You are an ignorant cunt and your opinion is not even worthy of my contempt. Go fuck yourself, you subnormal piece of genocide supporting shit.

x


.

04.08.2004 09:02

X why not bother resorting to random insults? Uganda Anarchism does indeed appear to be ignorant and strange, given that he claims that the Ugandan government created the Lord's Resistance Army, but he didn't post this, and that fact doesn't mean there's a "genocide" going on in Darfur. Did you say the same thing to people who doubted the official story about Kosovo a few years ago?

pish


Why insults?

04.08.2004 10:46

This is exactly my point, We don't need 21 century missionaries in Africa. We saw what happened in Rwanda. Who organised to stop the genocide? It was Africans in Uganda that formed the Rwandese Patriotic Front. What did the West and their mental institutions like BBC & CNN do? They gave more intertainment to their gullible audience.

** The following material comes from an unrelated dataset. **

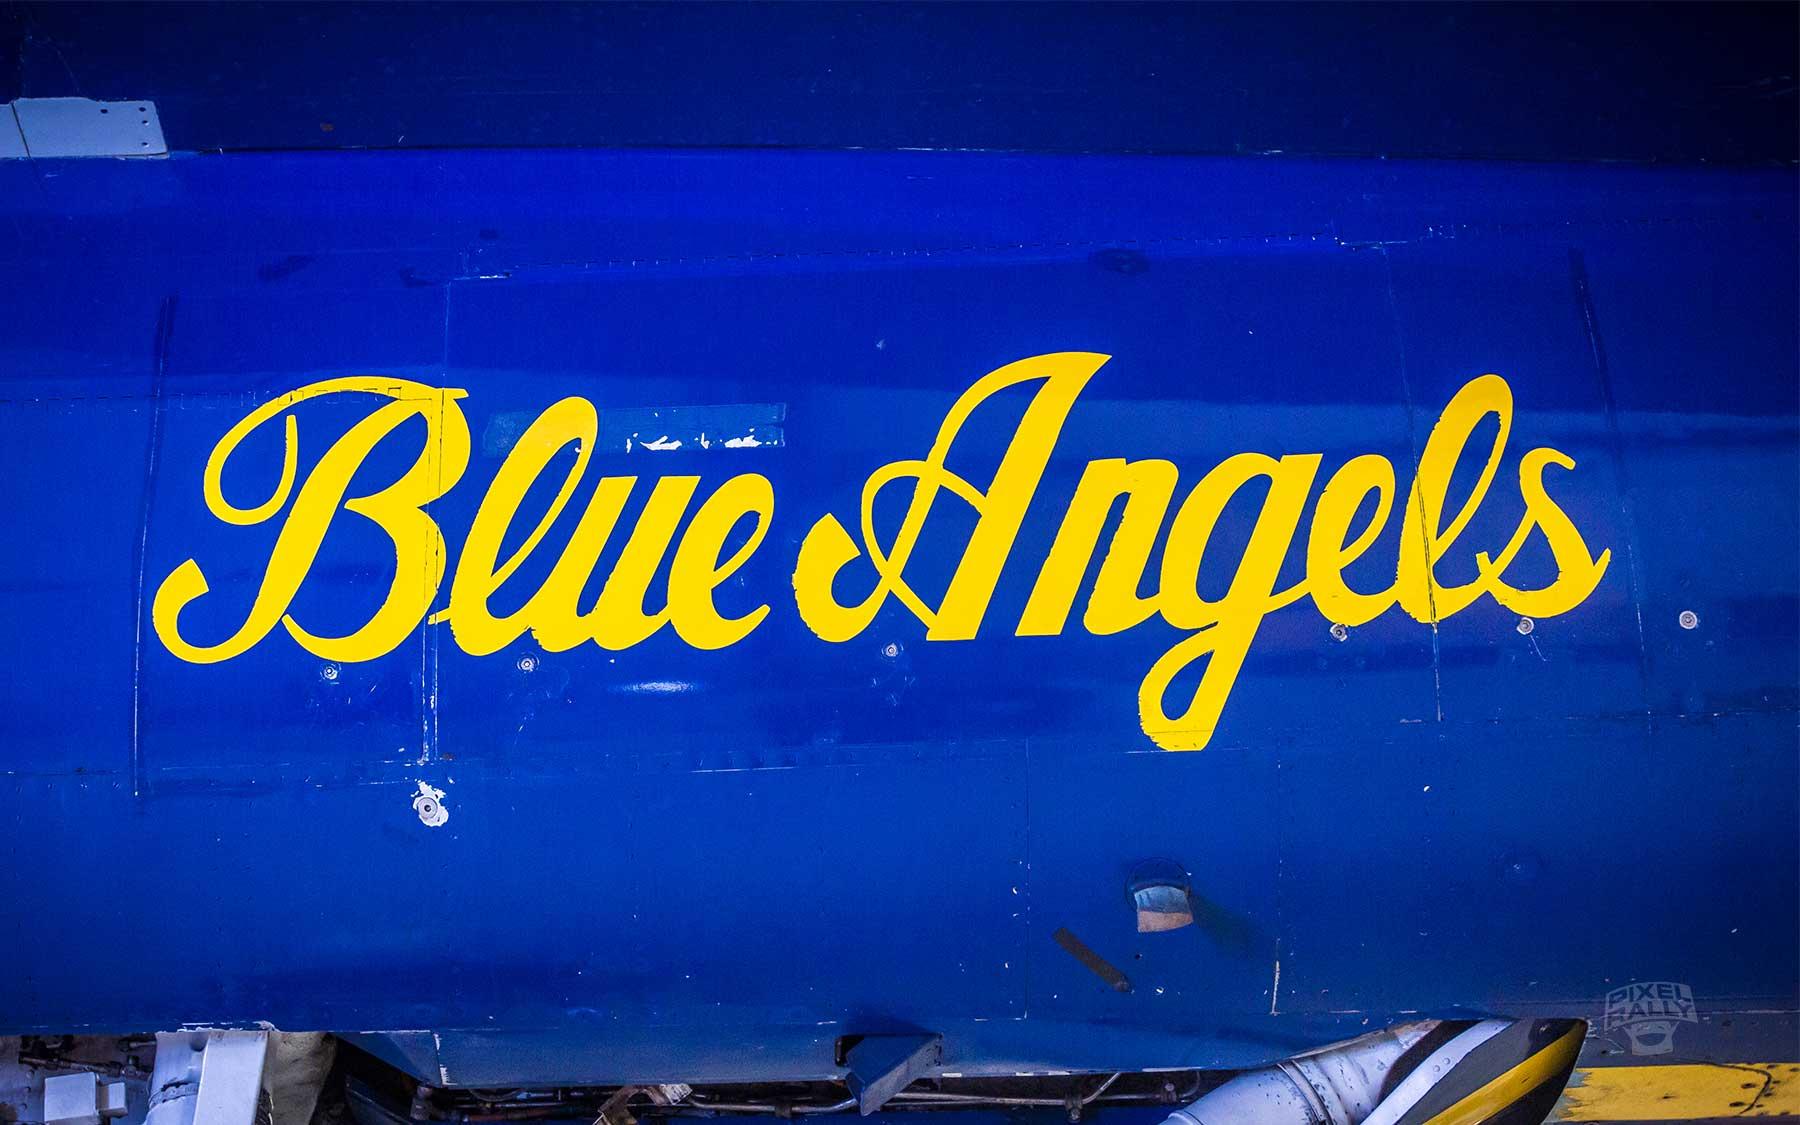 FL-WarbirdsMuseum-blue-angels-script

When "X" uses insults to reason , then why should we welcome you to Africa. Whe know 90% of Western Ngos are remote controlled by State functionaries like your department of overseas and Exploitation.

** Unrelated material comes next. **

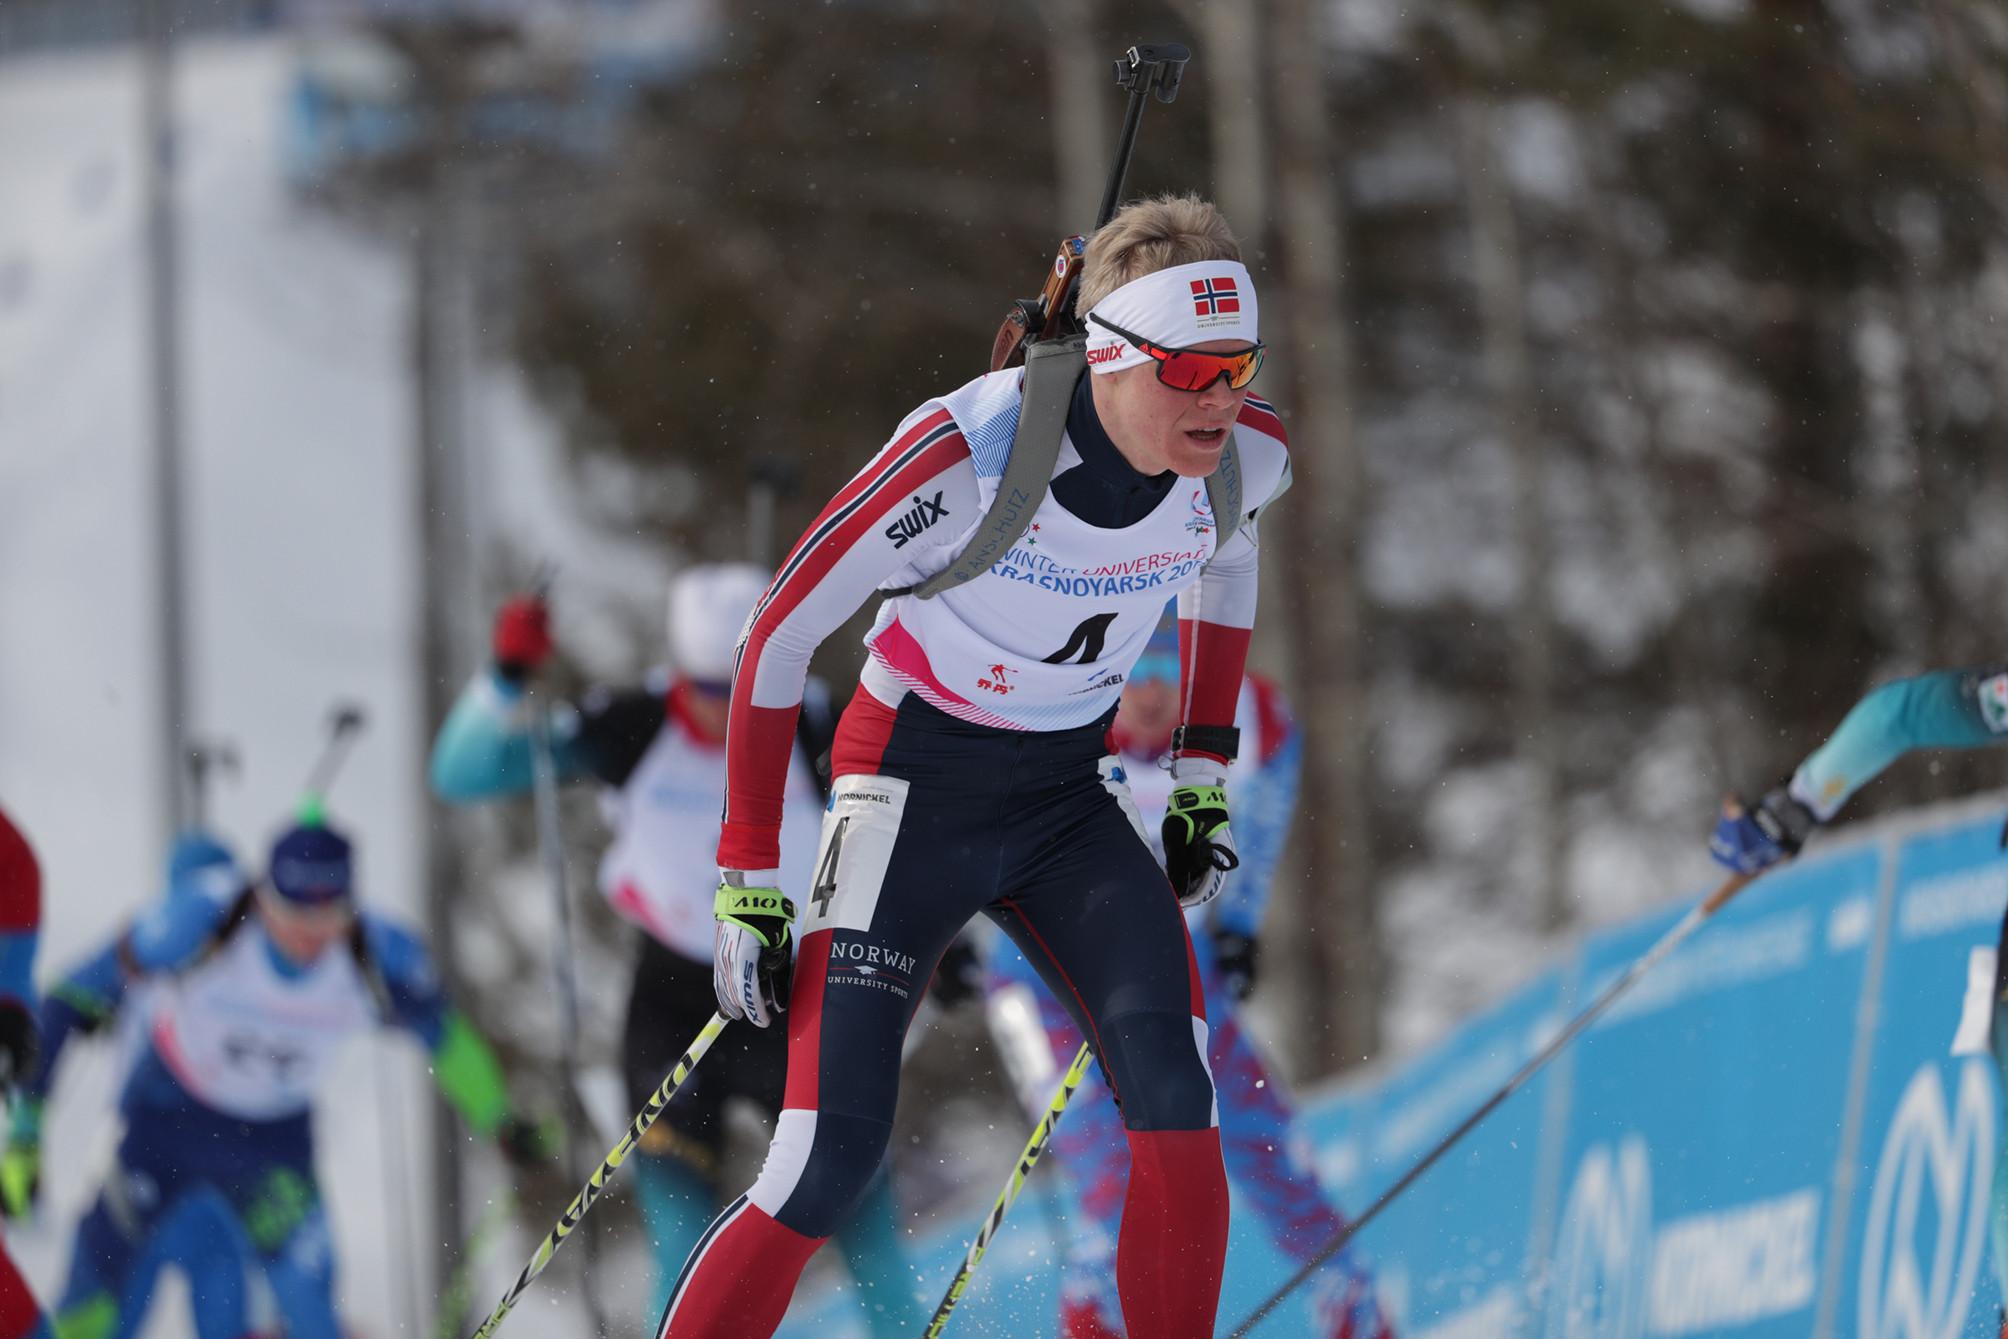 Norwegian wins mass start to prevent Russian gold in every biathlon event at Krasnoyarsk 2019

What you're failing to understand here, I'm not a fun of governments(regime in Sudan) but the truth should be said because some of us know what game is being played here. My Question to those that claim to know, what's the difference between N Darfur and S Darfur? Who's the sole authority in these two Darfur?
Why has the mental institutions BBC & CNN stage managed their footage?
If You care about children, why let a two year old child carry a 5 kg tin labeled with an Amercan Flag on its head? Do your children carry such loads on their heads? Is this your new form of torture in the interest of intertaing your fat audience?